**STORED DATA:**
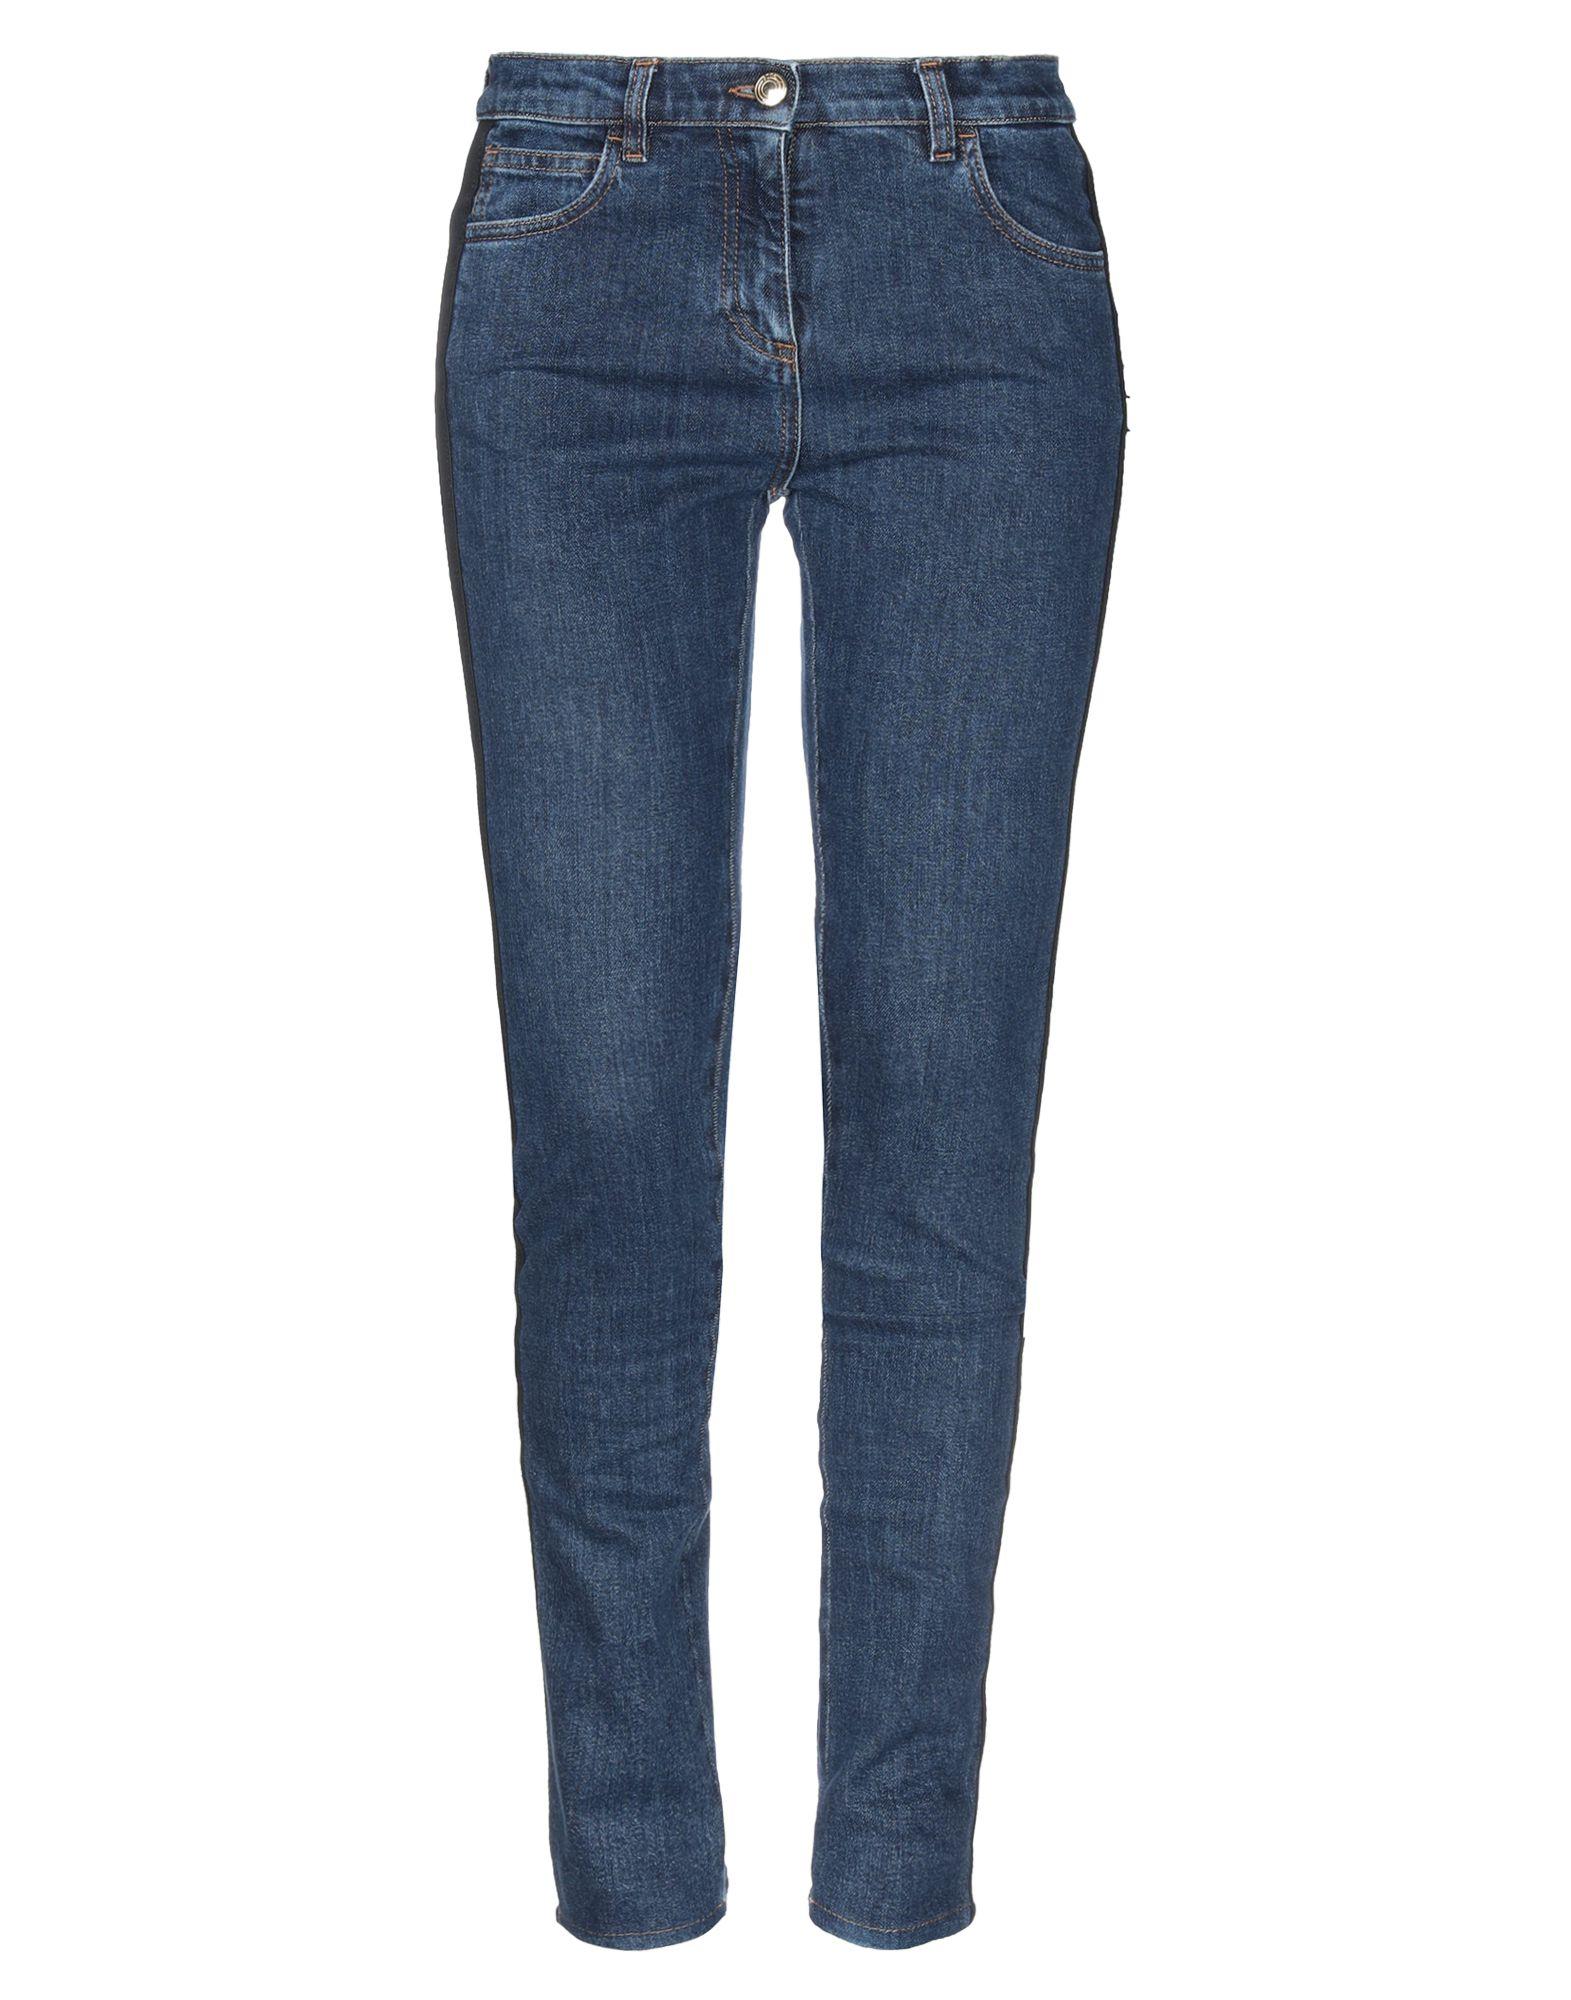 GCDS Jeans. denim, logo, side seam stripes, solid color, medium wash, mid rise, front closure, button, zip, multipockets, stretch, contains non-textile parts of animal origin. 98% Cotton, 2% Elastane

--

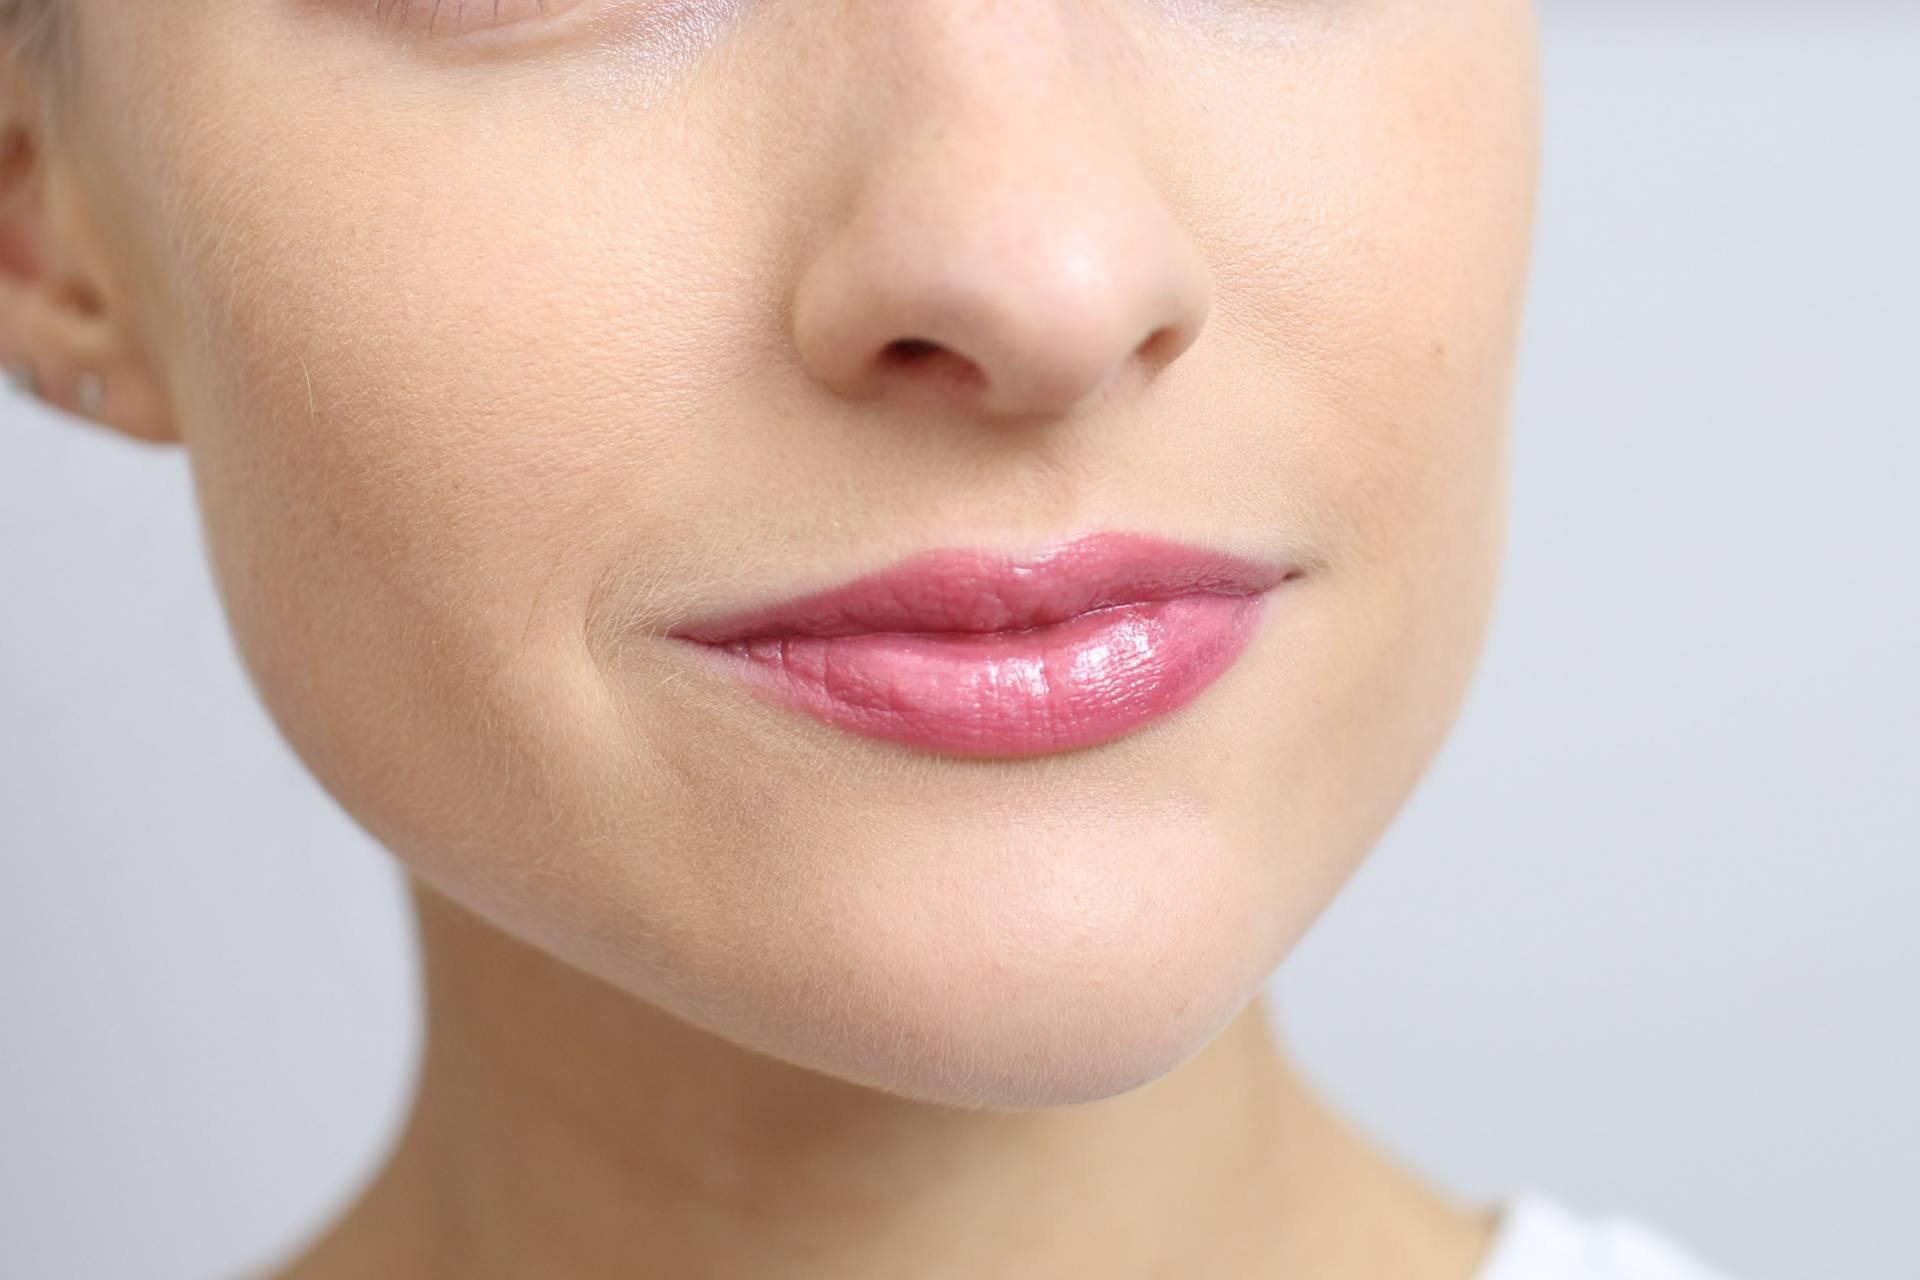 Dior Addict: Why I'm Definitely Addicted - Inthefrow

...

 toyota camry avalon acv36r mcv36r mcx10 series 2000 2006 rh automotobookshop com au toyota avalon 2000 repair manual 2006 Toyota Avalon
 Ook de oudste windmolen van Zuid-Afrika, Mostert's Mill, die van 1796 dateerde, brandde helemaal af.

**DIRECTIONS FOR THIS TASK:** The answer is the run of lines above from the line containing "toyota camry avalon" through the line containing "Ook de oudste", copied exactly and alone.

**PROBLEM SOLUTION:**
 toyota camry avalon acv36r mcv36r mcx10 series 2000 2006 rh automotobookshop com au toyota avalon 2000 repair manual 2006 Toyota Avalon
 Ook de oudste windmolen van Zuid-Afrika, Mostert's Mill, die van 1796 dateerde, brandde helemaal af.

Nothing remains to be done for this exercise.